The UK Dark Matter Collaboration (UKDMC) (1987–2007) was an experiment to search for weakly interacting massive particles (WIMPs). The consortium consisted of astrophysicists and particle physicists from the United Kingdom, who conducted experiments with the ultimate goal of detecting rare scattering events which would occur if galactic dark matter consists largely of a new heavy neutral particle. Detectors were set up 1100 m underground in a halite seam at the Boulby Mine in North Yorkshire.

==Background==
WIMPs are considered prime candidates for dark matter, which accounts for approximately nine-tenths of the mass of certain galaxies, such as the Milky Way. WIMPs are predicted by several supersymmetric theories of particle physics.

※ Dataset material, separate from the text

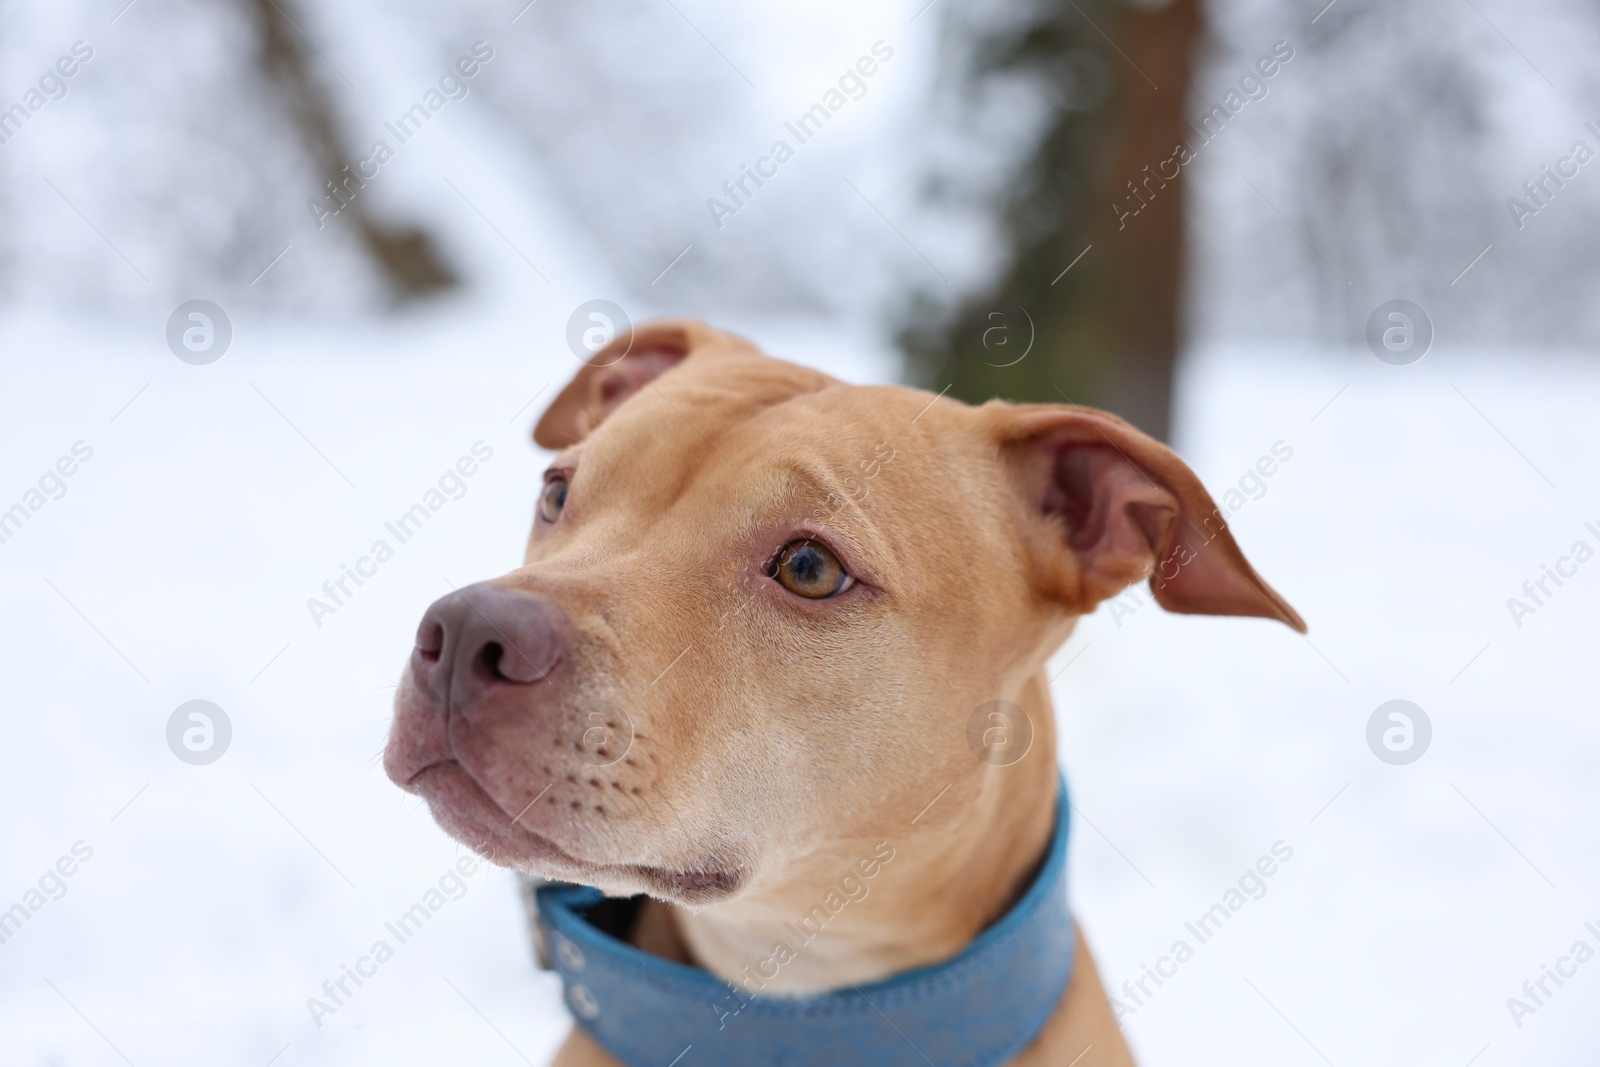 Photo of Portrait of cute dog in snowy park

The particle detectors used for this experiment are placed 1100 metres below the surface of Yorkshire's Boulby mine.

==History==
UKDMC began in 1987, with principal participants from several notable institutions, including the Imperial College of Science, Technology and Medicine, the CCLRC's Rutherford Appleton Laboratory, and the University of Sheffield. Funding for the programme was provided by the Particle Physics and Astronomy Research Council (PPARC), as well as Cleveland Potash Ltd. which operates the mine where the experiments were conducted. The underground laboratory was officially opened on 18 April 2003, and the experiment ran until 2007 when collaborating institutions and scientists moved on to the related projects ZEPLIN-III and DRIFT-II.

== Experiments ==
UKDMC operated multiple dark matter detectors and developed techniques for WIMP searches in crystals and xenon.

In 1996 they published limits that were obtained using room temperature crystals. NAIAD was an array of NaI(Tl) crystals that ran 2001–2003, collecting 44.9 kg×years of exposure, setting spin-independent and spin-dependent limits on WIMPs. Then the ZEPLIN series of searches were done.